++++ EXTRACTED INFORMATION
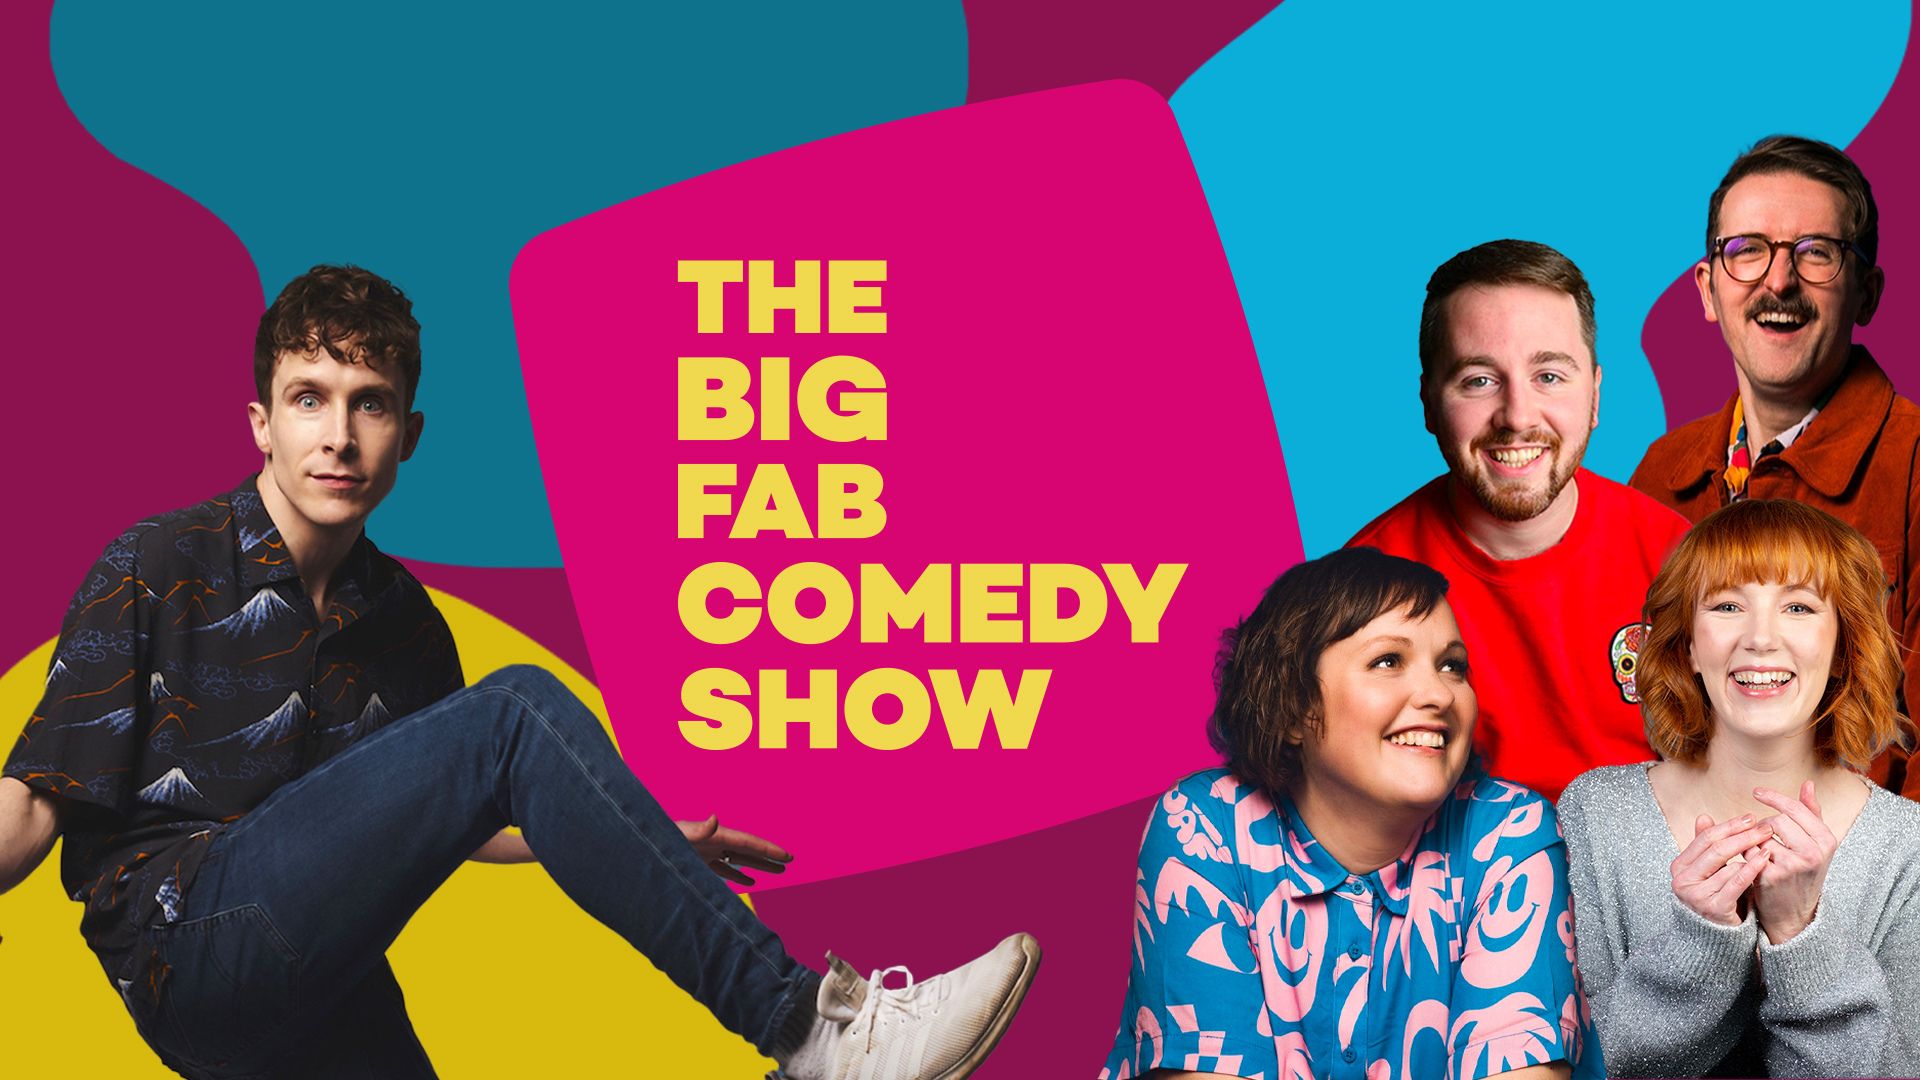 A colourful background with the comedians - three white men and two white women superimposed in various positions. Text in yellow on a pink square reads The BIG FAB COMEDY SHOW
++++++++
++++ EXTRACTED INFORMATION
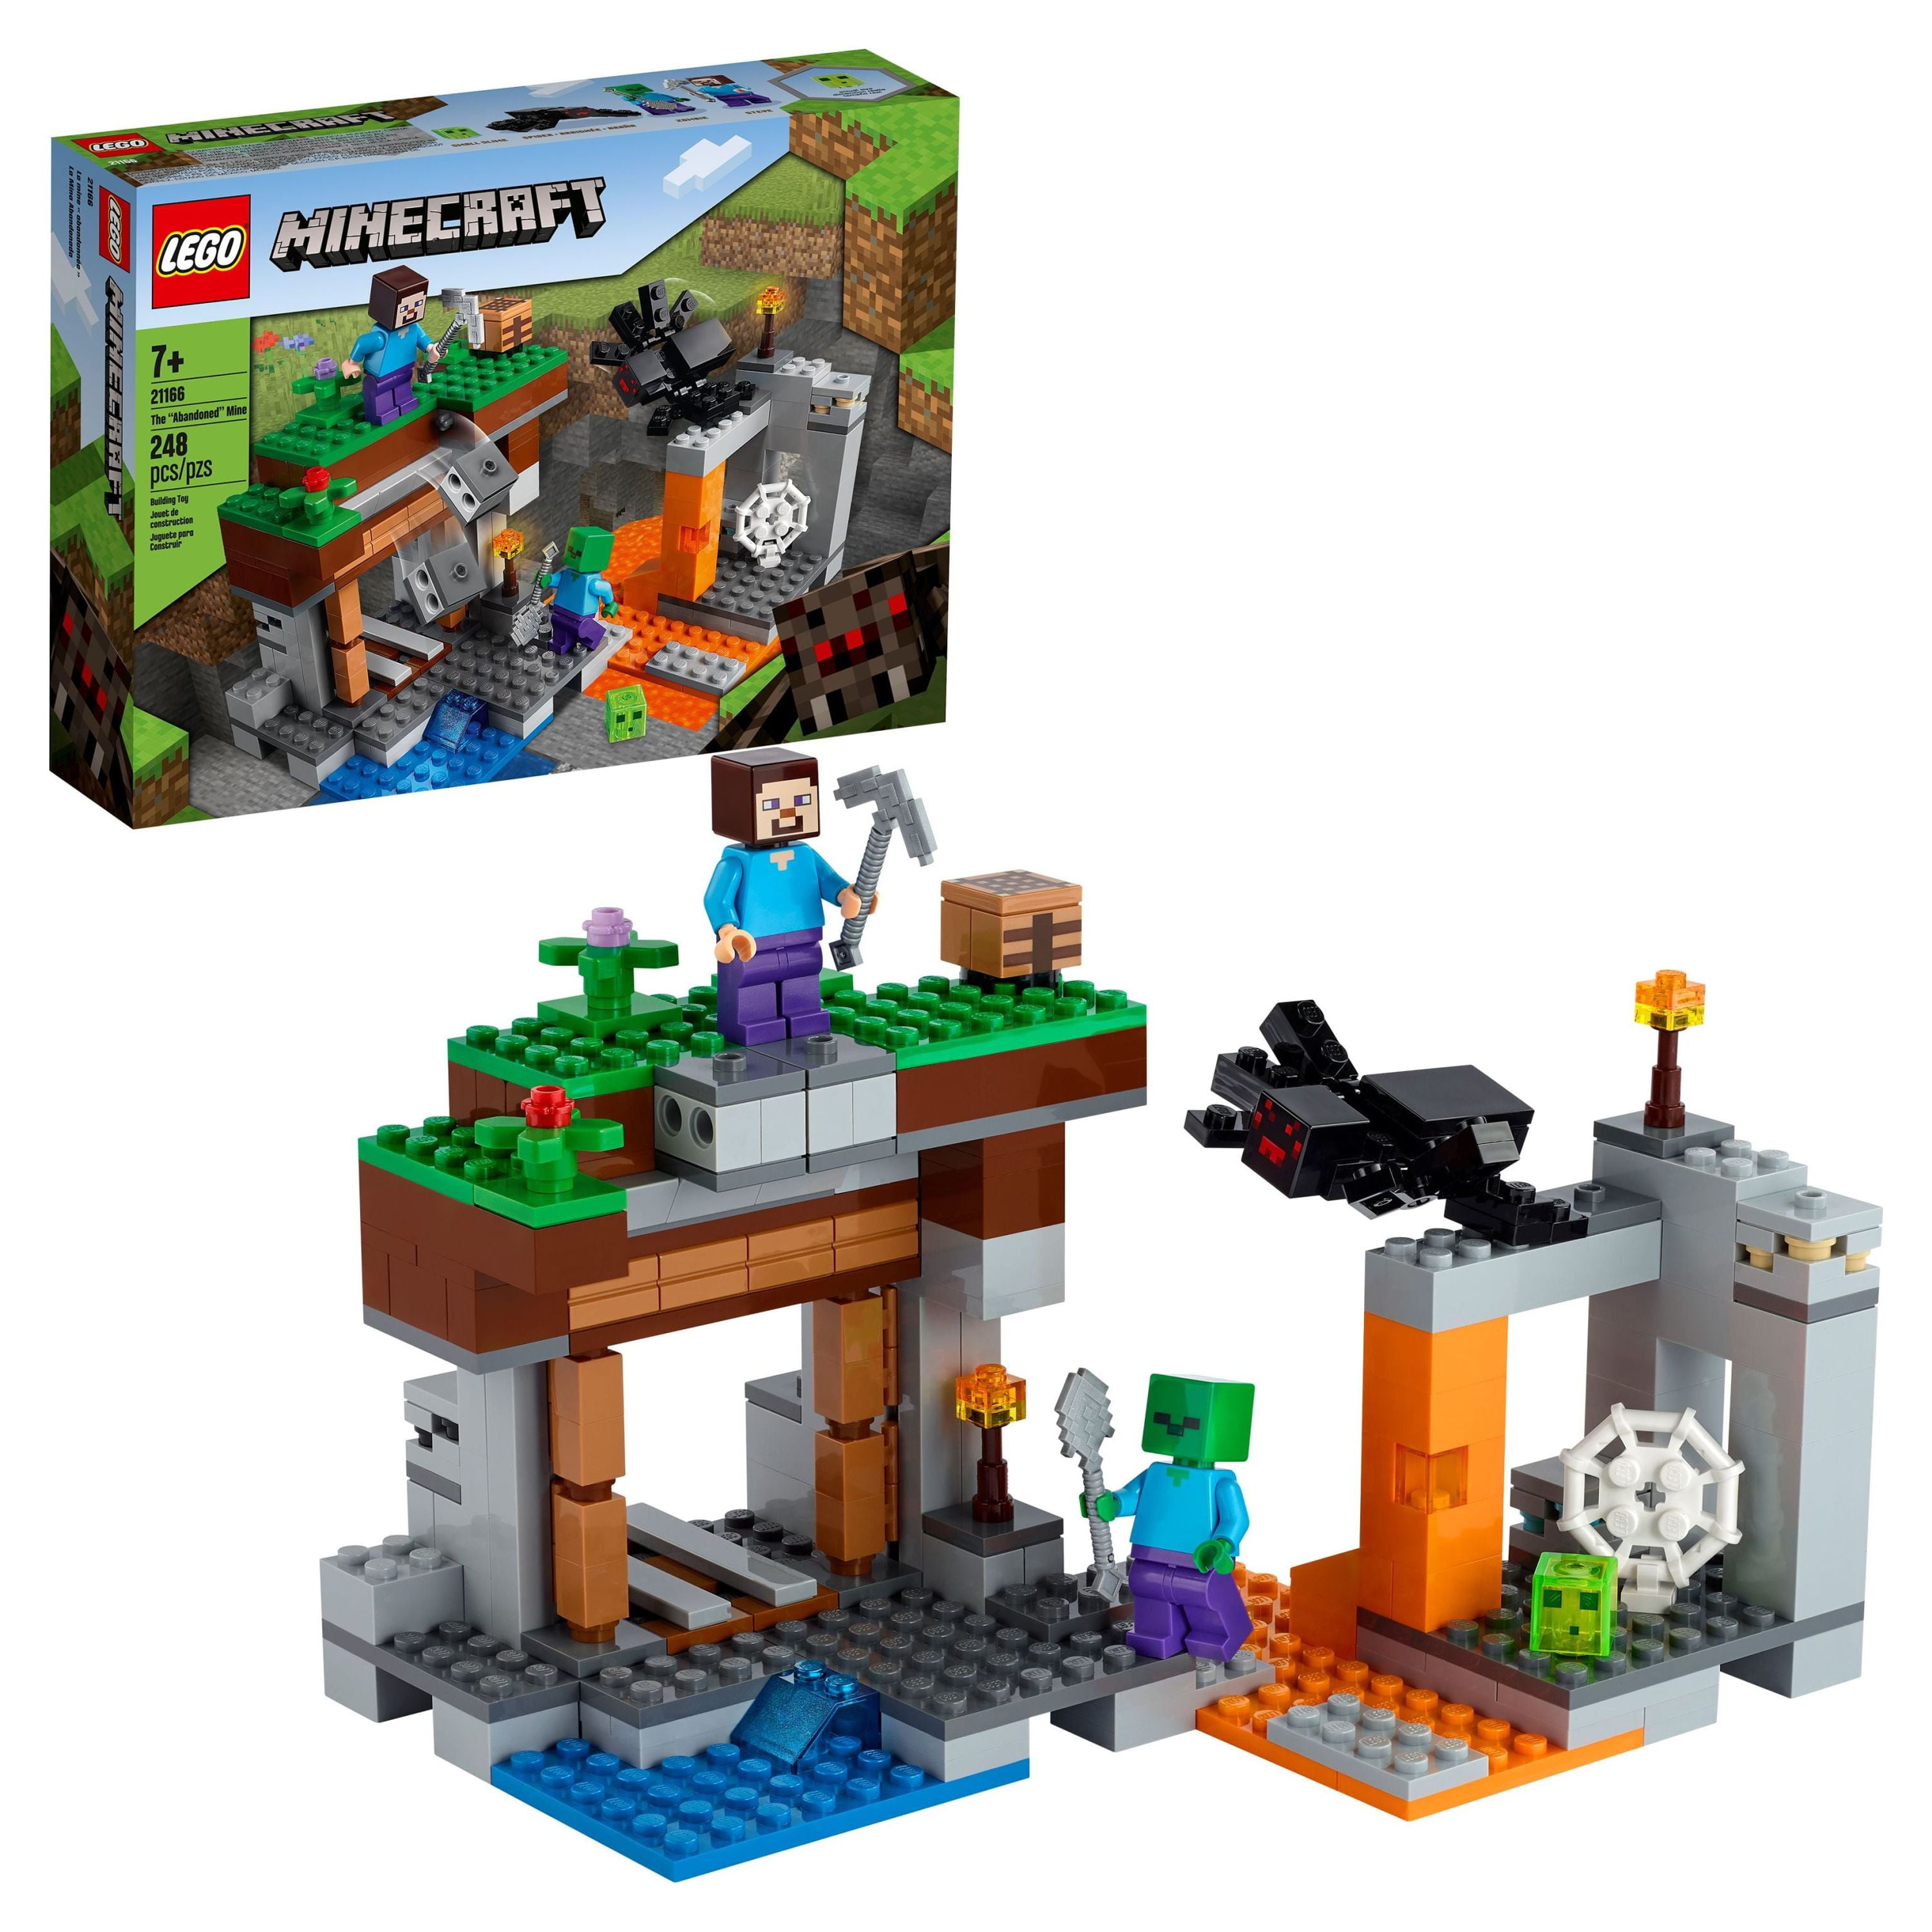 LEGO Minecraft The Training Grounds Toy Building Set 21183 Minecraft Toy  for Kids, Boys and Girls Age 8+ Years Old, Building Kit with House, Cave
++++++++
++++ EXTRACTED INFORMATION
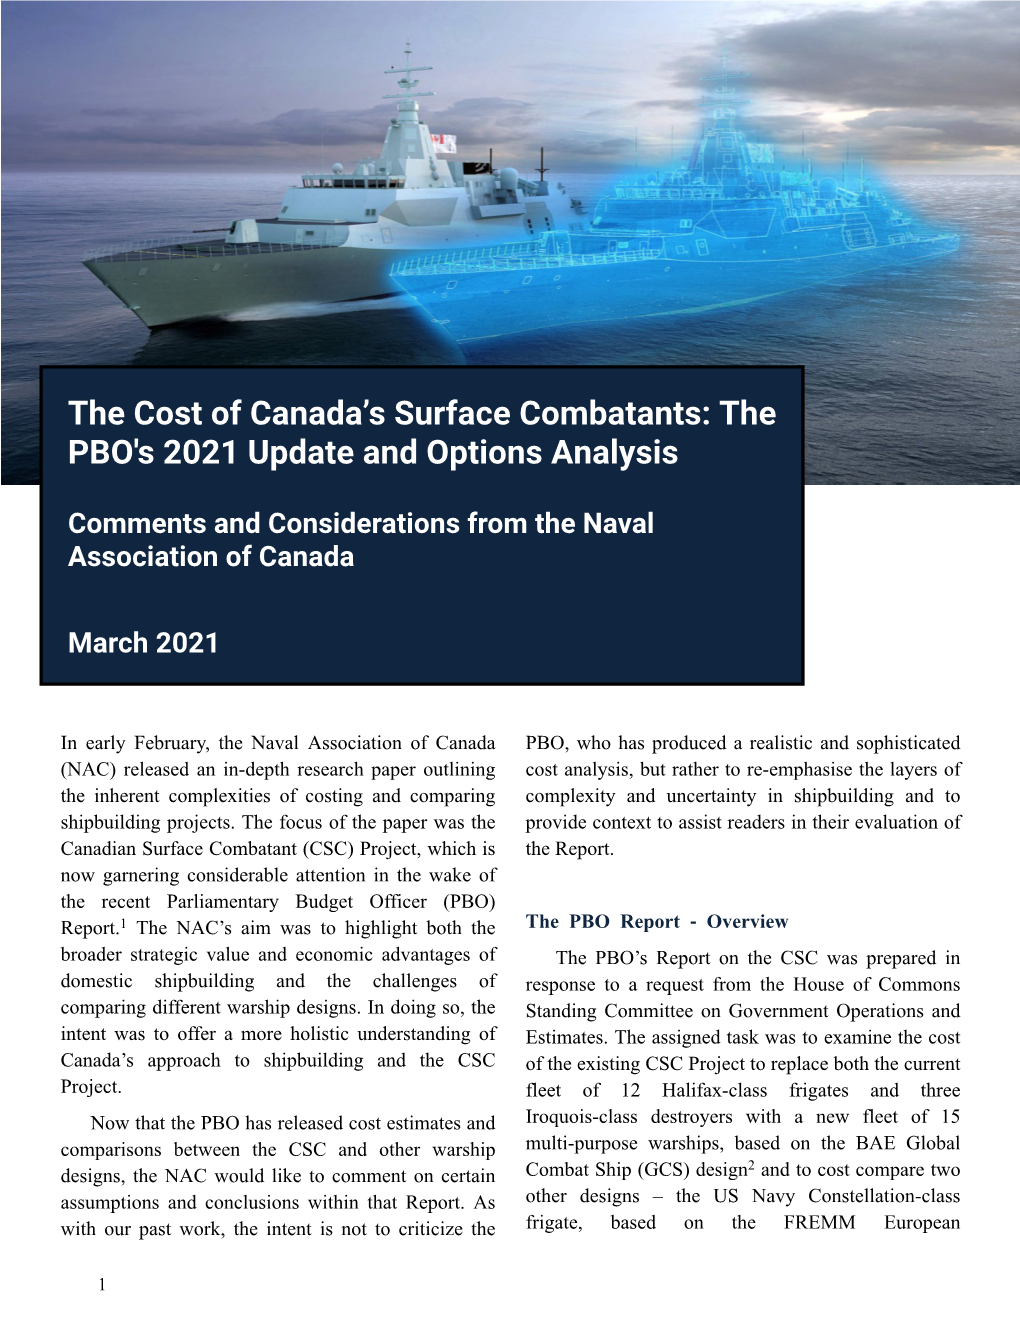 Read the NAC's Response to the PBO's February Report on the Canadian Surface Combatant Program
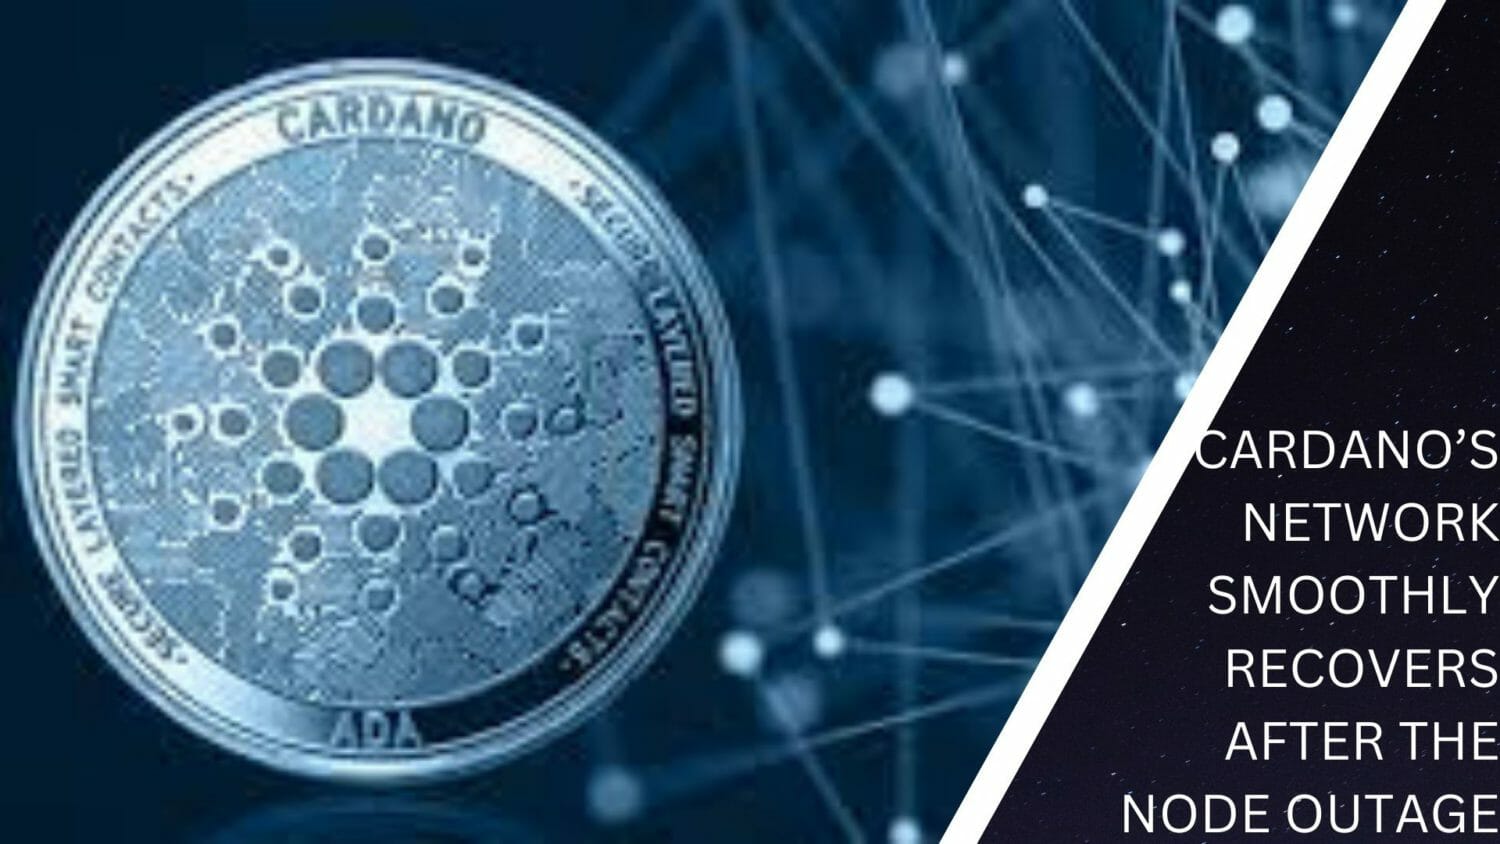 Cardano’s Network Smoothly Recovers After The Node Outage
++++++++
WHAT THIS TASK INVOLVES
Exactly as written above, retype the lines starting at the one holding "Read the NAC's" and ending at the one holding "Cardano’s Network Smoothly", both included, but not the pictures.

ANSWER BELOW
 Read the NAC's Response to the PBO's February Report on the Canadian Surface Combatant Program
 Cardano’s Network Smoothly Recovers After The Node Outage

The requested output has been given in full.